The proposed method consists of several key processes:

Training of PMMs: During training, the support image features are segmented into foreground and background. PMMs learn these features, categorizing them into different object part prototypes.
EM Algorithm: The EM algorithm is employed to update and refine the prototype vectors iteratively. The choice of cosine distance, incorporated within the von Mises-Fisher (VMF) distribution, facilitates effective alignment with the metric learning framework applied.
Segmentation: PMMs are utilized in a 'duplex' strategy during segmentation. Firstly, prototypes activate specific spatial locations in query feature maps, enhancing relevant channels (P-Match). Secondly, prototypes are treated as classifiers to yield probabilistic segmentations for query images (P-Conv).

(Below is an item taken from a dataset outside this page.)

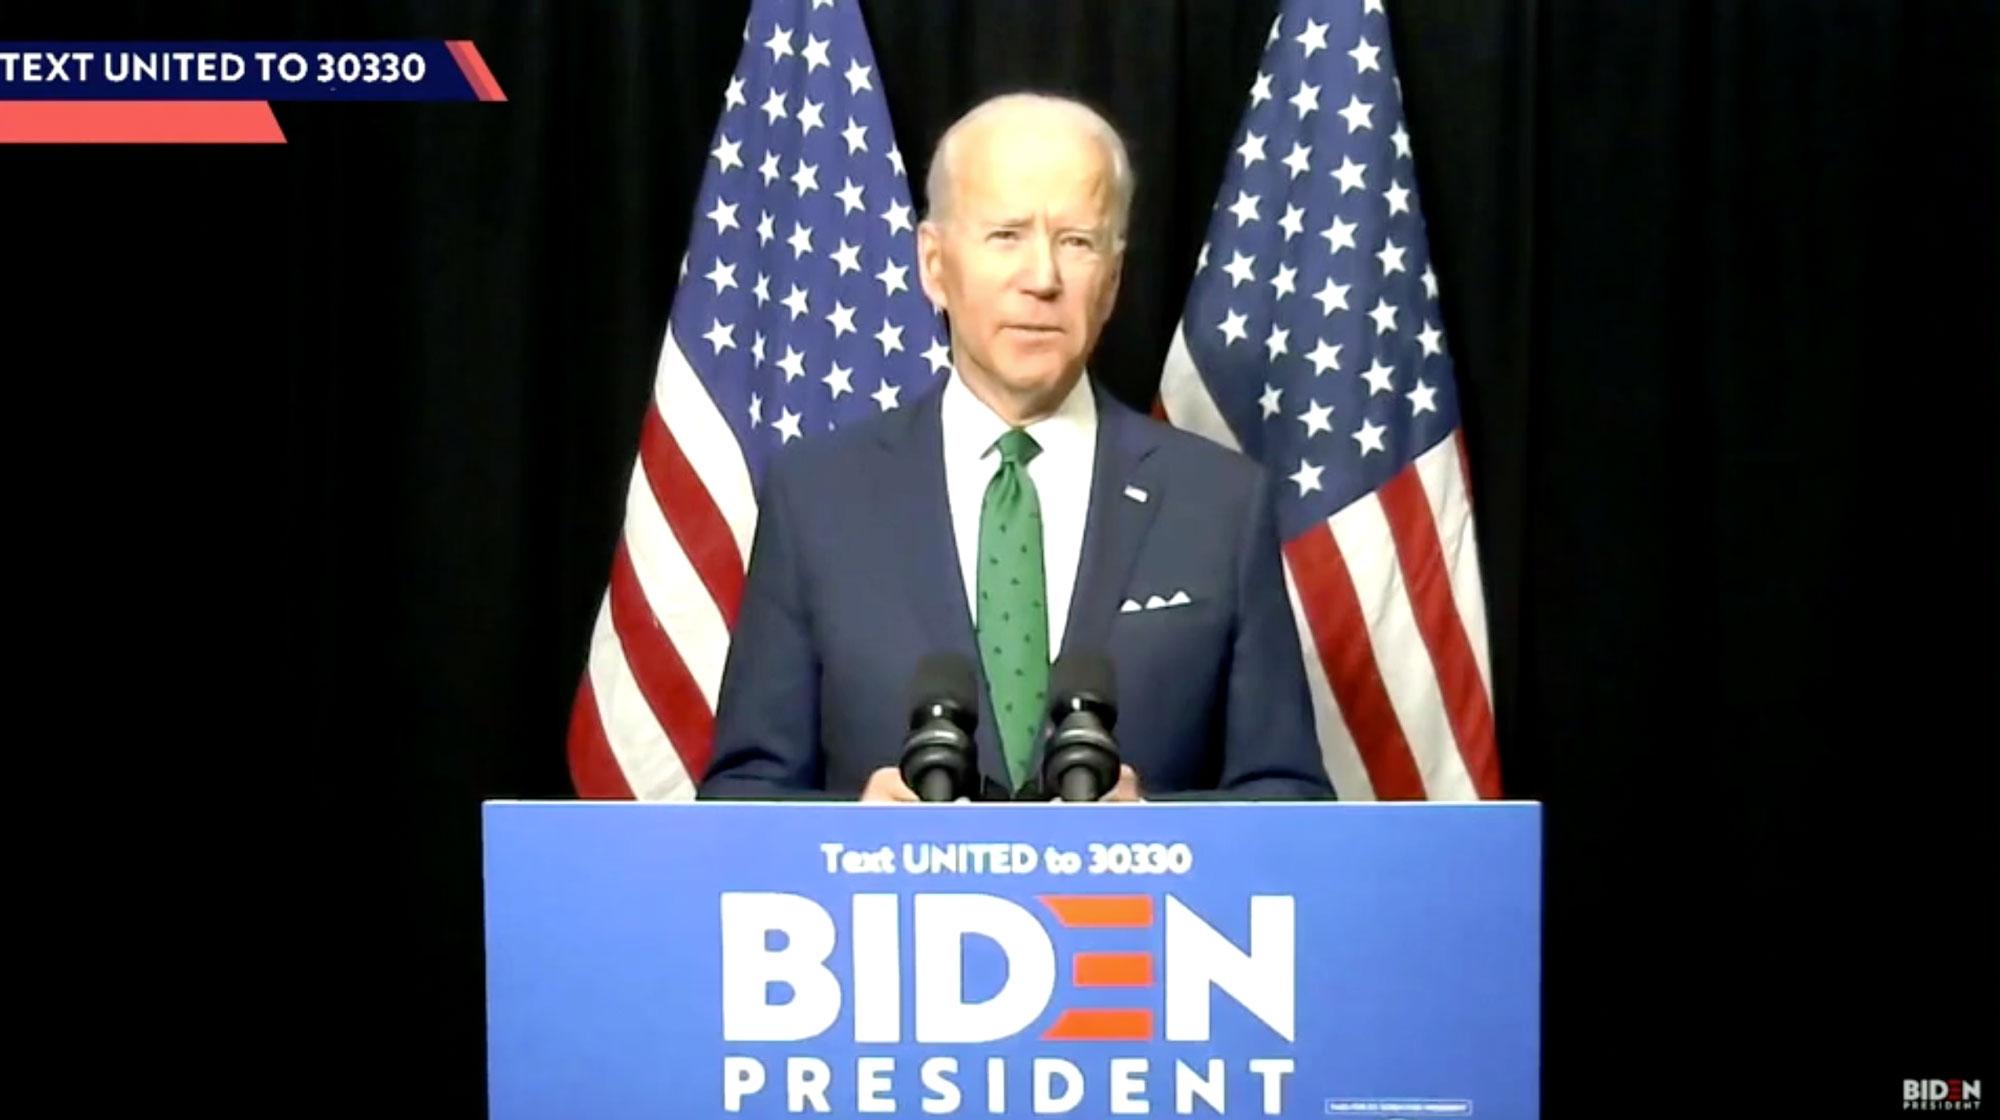 Biden For President Campaign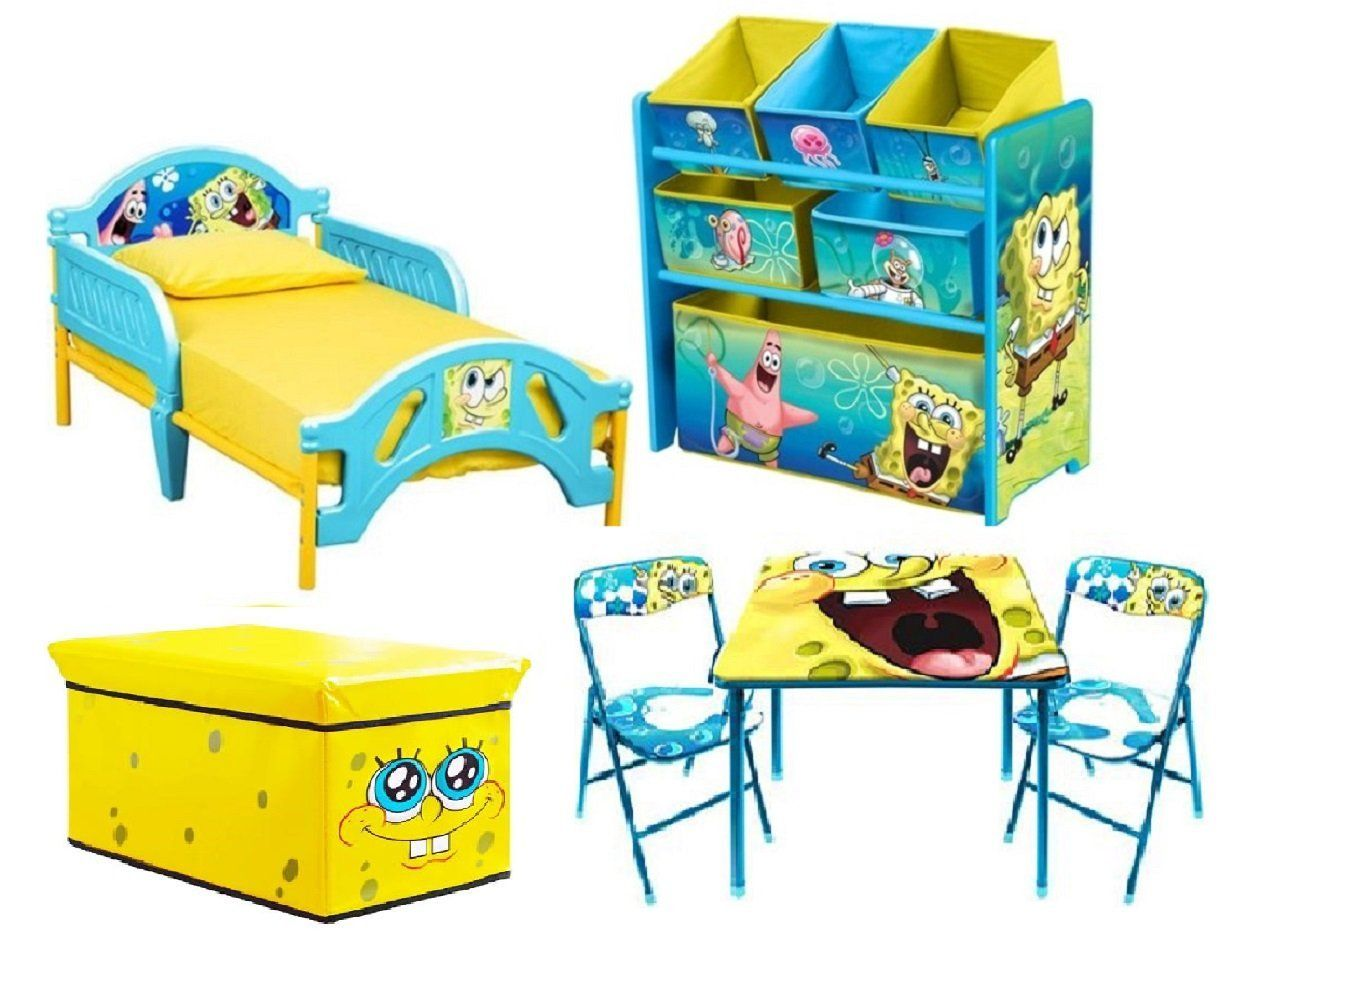 Spongebob Toddler Bedroom Bundle Set Bed Toy Bin Organizer

Numerical Results and Insights

The empirical results presented in the paper reinforce the capability of PMMs in improving segmentation performance. On the Pascal VOC and MS COCO datasets, PMMs outperform existing methods by significant margins. For instance, a reported improvement of 5.82% in 5-shot segmentation on MS COCO illuminates the potential of PMMs in few-shot contexts. Moreover, the residual stacking strategy for PMMs (termed RPMMs) further augments accuracy through strategically guided residual learning.

Implications and Future Directions

The implications of PMMs in the field of few-shot learning are multifaceted. Firstly, they demonstrate how extending global prototypes to nuanced prototype mixtures can alleviate common issues such as semantic ambiguity and representation capacity shortages. Furthermore, the EM algorithm as utilized in PMMs establishes a precedent for the application of unsupervised learning techniques in a supervised learning setup to enhance model robustness to intra-class variance.

Future directions could explore the scalability of such models in larger datasets and more complex environments. Investigating alternative strategies for mixing prototypes or integrating domain adaptation processes might further enhance segmentation adaptability and accuracy. Additionally, extending the PMM framework to other tasks like few-shot object detection and recognition could tap into novel avenues of application.

In conclusion, this paper successfully delivers a well-thought-out framework that leverages prototype mixture modeling for few-shot semantic segmentation, paving the way for future research endeavours harnessing sophisticated prototype learning techniques.